## DATA EXCERPT
━━━━━━━━━━

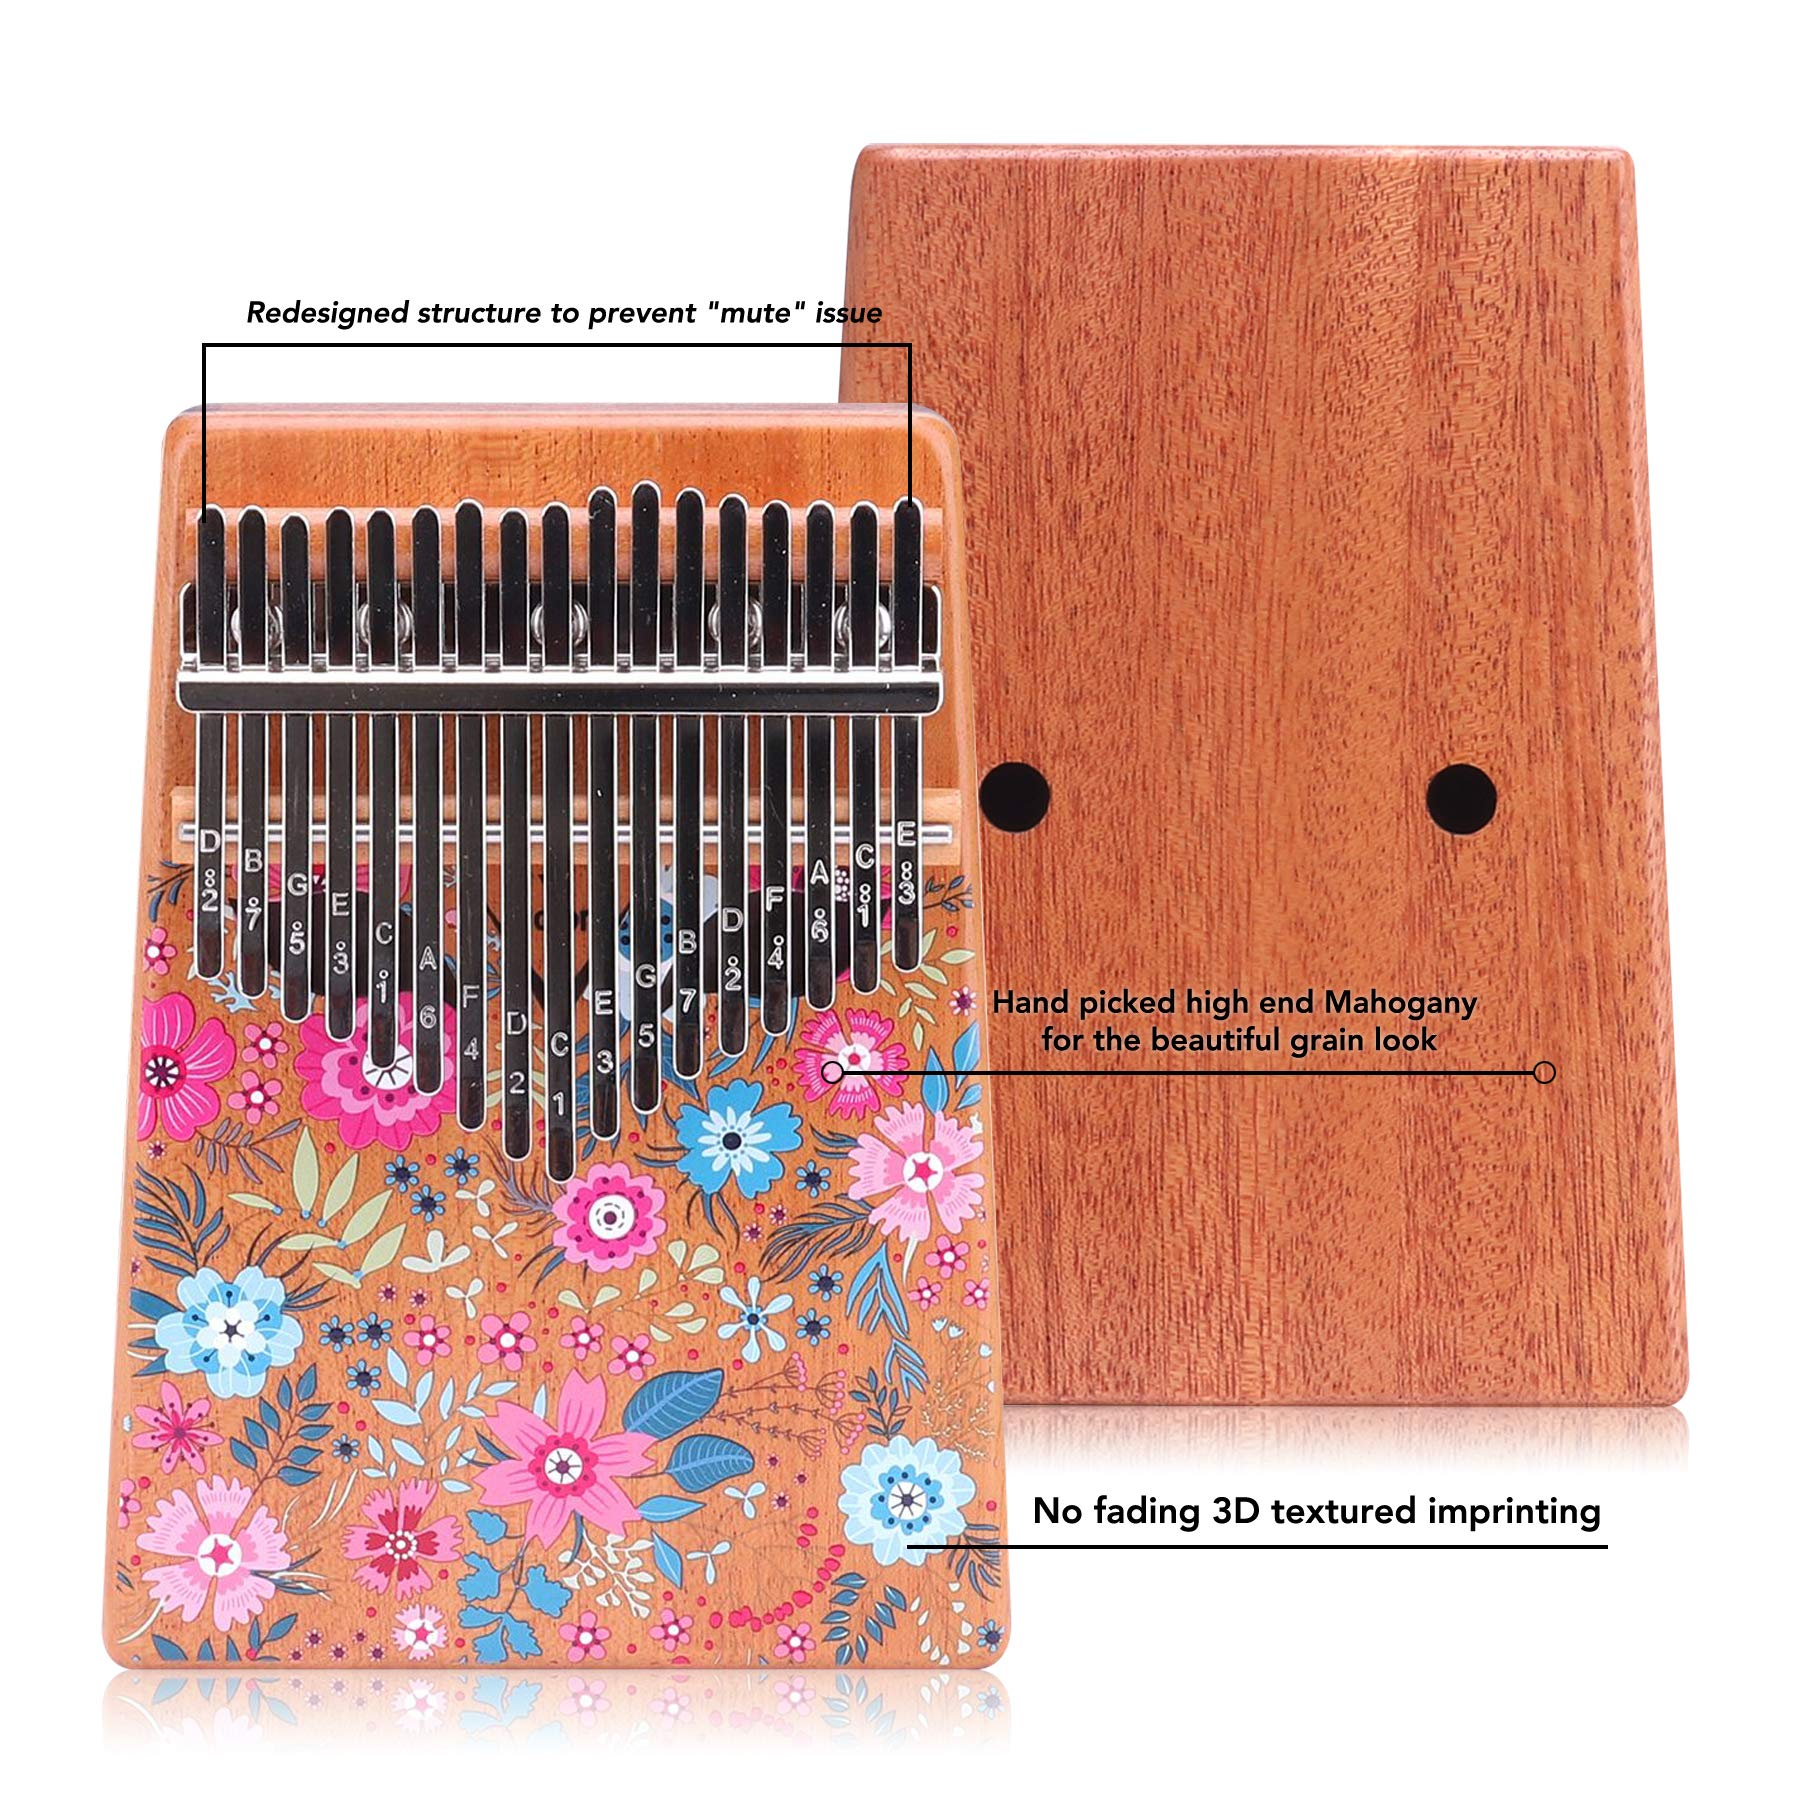 VI VICTORY 17 Key 3D Painted Kalimba African Thumb Piano Finger Percussion Keyboard Music Instruments - Sakura 2 by VI VICTORY (Image #1)
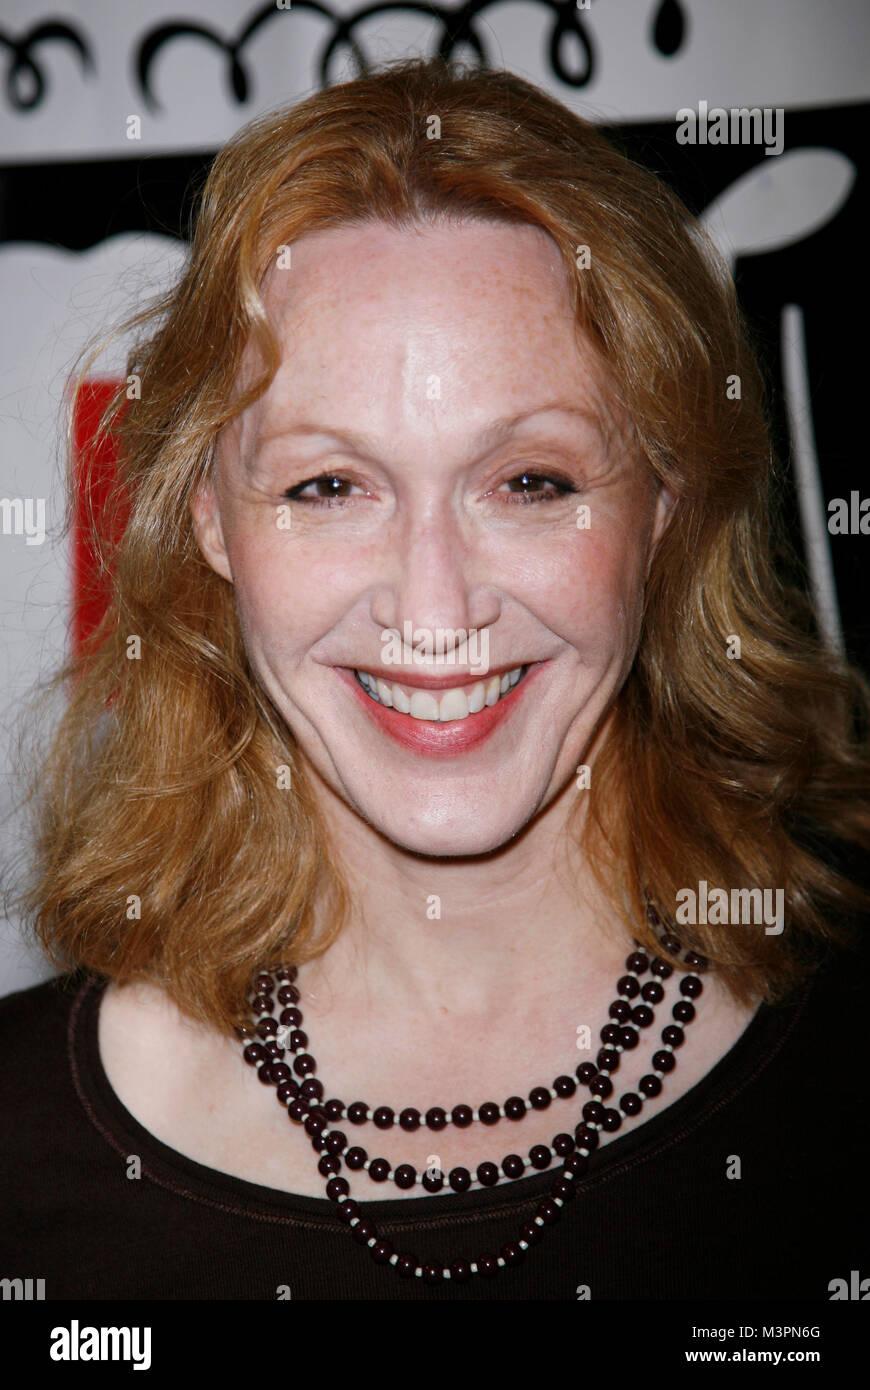 Mara Berni,Tully Jensen Hot video Angeli Nicole Sanoy (b. 2001),Diane Cary
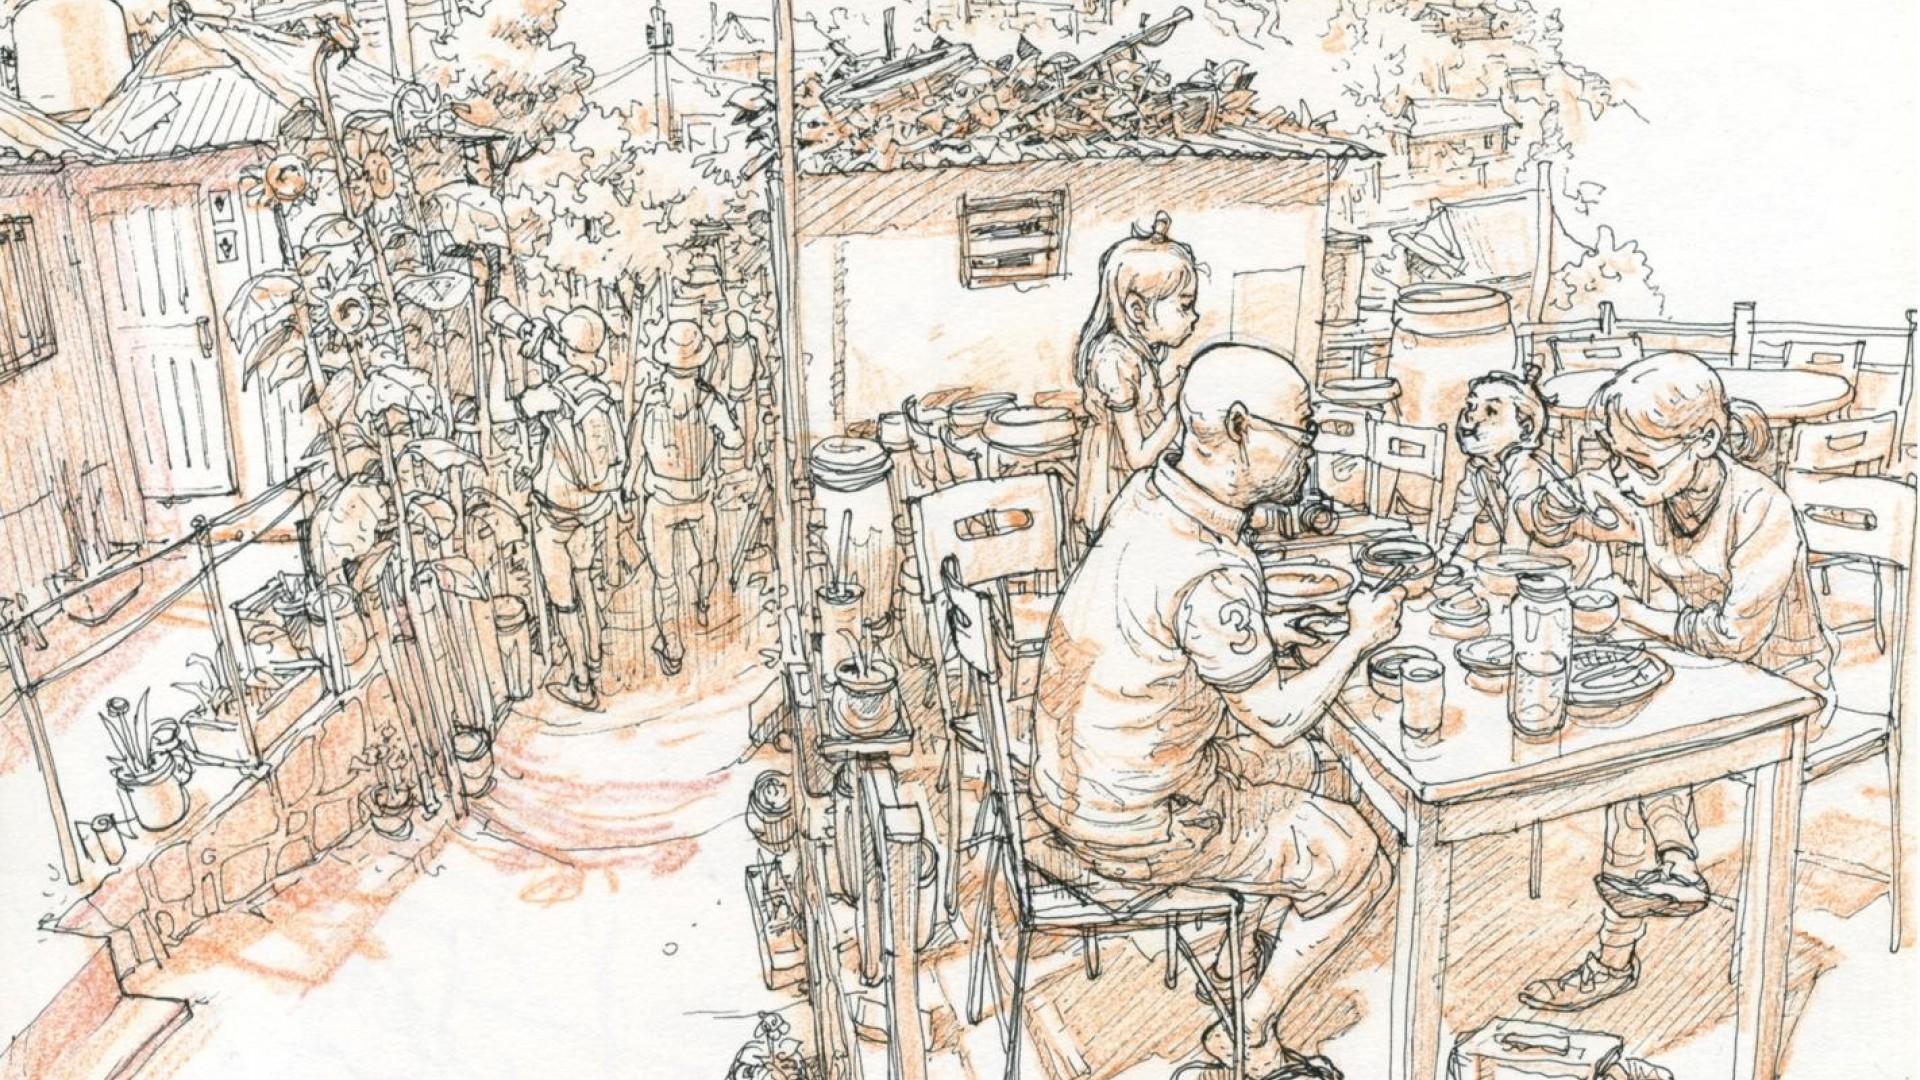 people-korean-monochrome-artwork-drawings-kim-jung-gi-1920x1080-1920×1080-wallpaper-wpc9207919

━━━━━━━━━━

## REQUIRED WORK
Your answer must be the lines from the one containing "Mara Berni,Tully Jensen" through the last line of the listing above, restated word for word, with no pictures.

## RESPONSE AREA
 Mara Berni,Tully Jensen Hot video Angeli Nicole Sanoy (b. 2001),Diane Cary
 people-korean-monochrome-artwork-drawings-kim-jung-gi-1920x1080-1920×1080-wallpaper-wpc9207919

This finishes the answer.